In his capacity as oidor, Díaz worked as a sort of traveling judge, sent by the King to resolve "especially grave judicial conflicts". (Note: Original: "conflictos jurídicos de especial gravedad".) One example of such a case was that which stripped the Count of Castro of all of his possessions, a sentence that was read by Díaz. As an oidor, he was also responsible for carrying out official inquiries on behalf of the Crown. The position of relator required him to serve as the link between Juan II and the Royal Council as well as to compile and report legal occurrences of note directly to the King. He was also responsible for presenting petitions to the Royal Council.

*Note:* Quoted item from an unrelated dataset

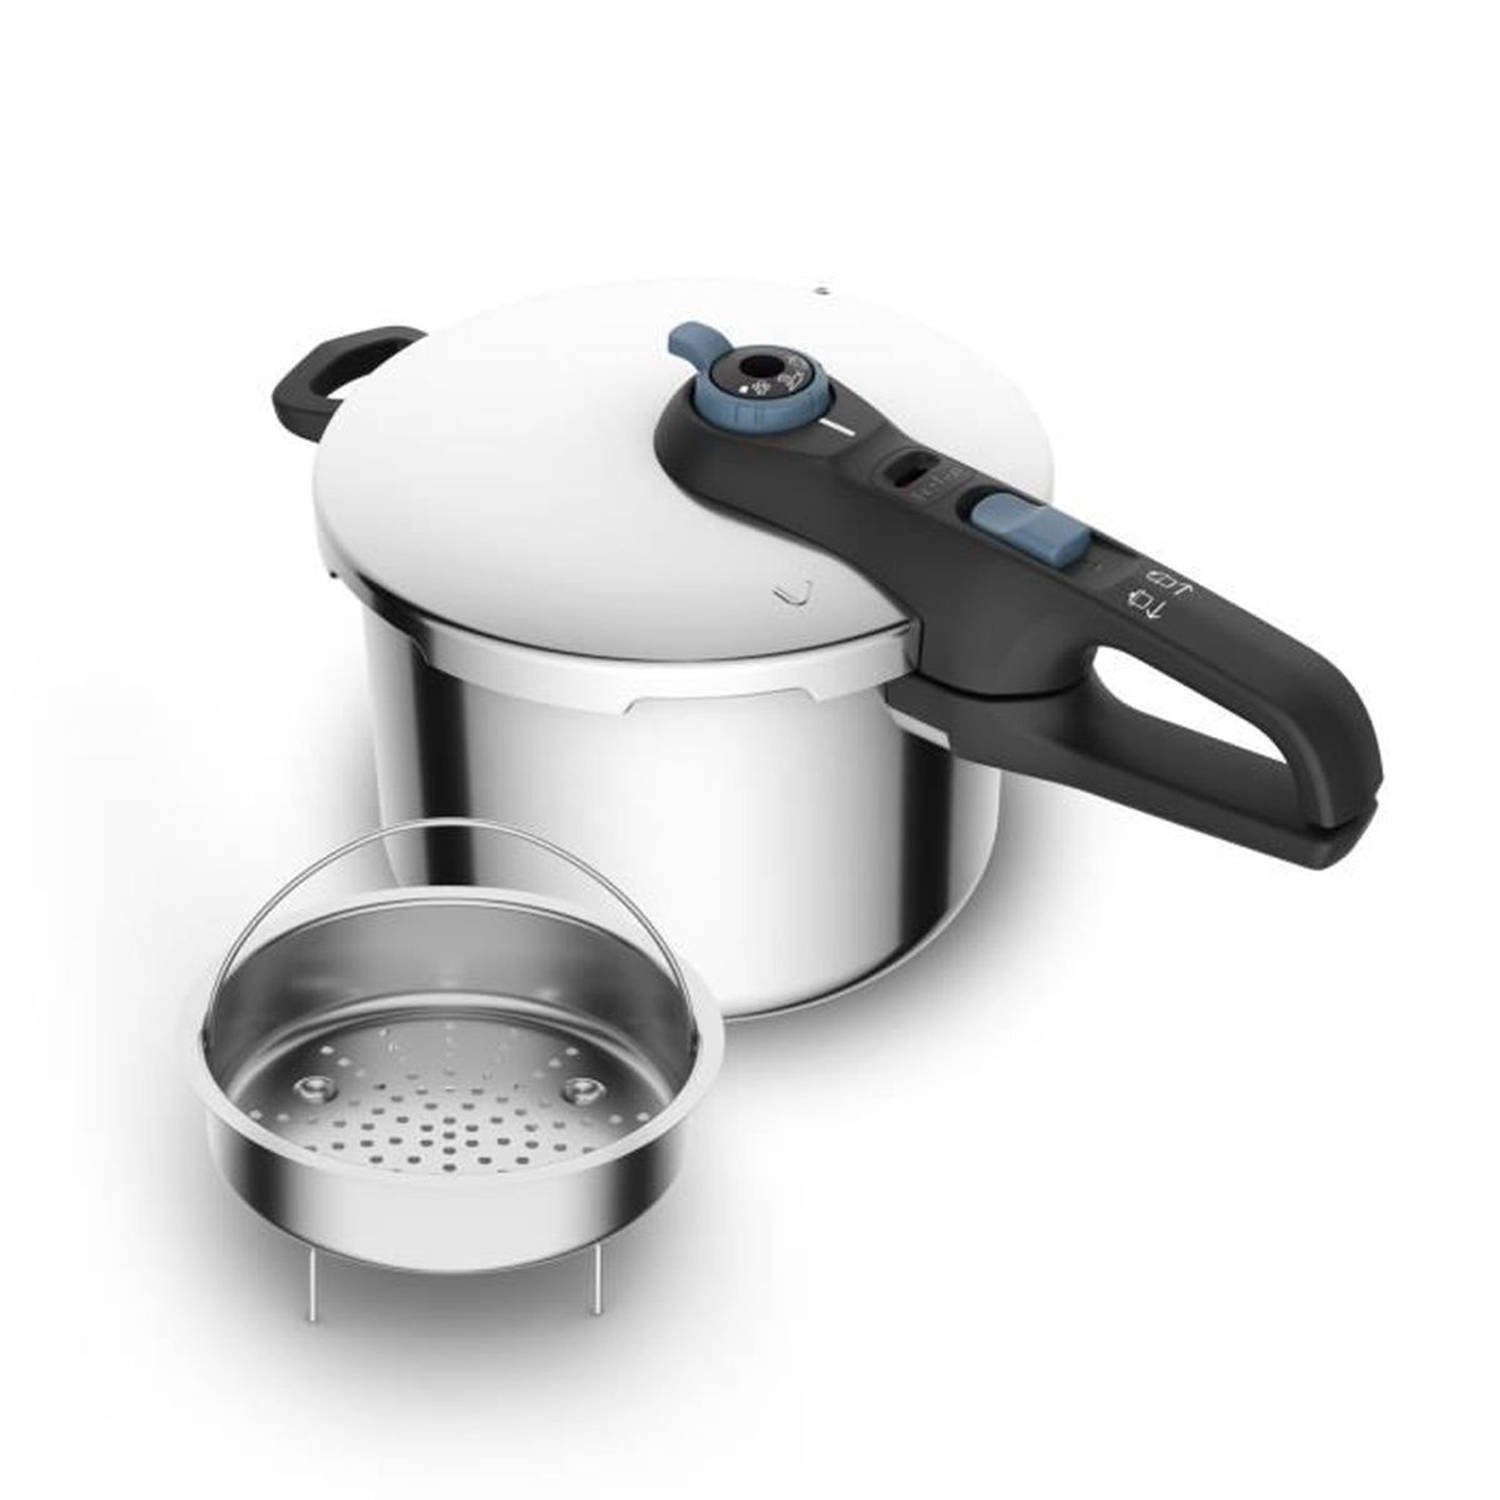 Tefal Snelkookpan 6 l, Inductie, Roestvrijstaal, 2 programma&apos;s, Stoomkoken, Made in France, Secure Trendy P2580700

This role placed him very close to the King; in fact, the historian María Josefa Sanz Fuentes described him as "probably the most powerful man at the court of King Juan II of Castille" and "a key person in mid-15th century Castilian history". Furthermore, the medieval historian José Luis Bermejo Cabrero wrote that "nobody among the secretaries of the Middle Ages could reach such a level of influence over kings". (Note: Original: "nadie, entre los secretarios de la
Edad Media, pudo alcanzar tal grado de influencia ante los reyes".)

Díaz served Juan II and, later, Enrique IV for nearly half a century, during which time he addressed and resolved royal matters relating to the administration of justice, documentary and notarial issues, and even the personal lives of the kings. At times, Díaz was also dispatched in the King's stead in order to settle diplomatic disputes; for example, there are numerous cases of him being sent to convince local alcaldes to surrender their castles to the Crown when the King demanded control of their holdings.

=== Instrucción del Relator ===
In 1449, Old Christians in Toledo rebelled, upset by the perceived insidious intrusion of Judaizers in Spain's religious institutions and government. That year, they enacted a municipal statute banning conversos (recent Jewish converts to Christianity) from holding office of any kind in the city due to their "heresies and other offences, insults, seditions and crimes committed and perpetrated". Given his importance and stature, Díaz was an especial target of Toledo's Old Christians, who accused him of heresy.

In response to the campaign against conversos, Díaz penned a dossier directed to the Bishop of Cuenca, Lope de Barrientos, at some point between 15 October and 17 November 1449. Díaz's intent with the dossier, entitled the Instrucción del Relator para el obispo de Cuenca a favor de la nación hebrea (Instruction from the Relator for the Bishop of Cuenca in Favor of the Hebrew Nation), was to garner support for conversos from Barrientos and Enrique IV, who at that time was crown prince; it also circulated more widely among the public. In the Instrucción, Díaz defended converts by highlighting the fact that Christianity developed from Judaism and that the Jews were God's original chosen people. He also argued that all Christians were equals after their initiation through baptism and noted that a majority of Spain's nobility had some Jewish ancestry. By the end of that November, Enrique entered Toledo to quell the rebellion and execute its principal actors. The Instrucción has been the subject of scholarly attention in the modern era.

== Death and will ==
Díaz died on 2 May 1457 in Burgos. He had made out his will two years prior after falling seriously ill in Almazán. His will, dated 16 February 1455, dictated that he be buried with his mother the Church of Santa María la Mayor's chapel located in Alcalá de Henares, his birth city. He himself had ordered the construction of the chapel, which in modern times has been reconstructed and is now called the Chapel of the Oidor. He bequeathed the majority of his property and assets to his son Luis.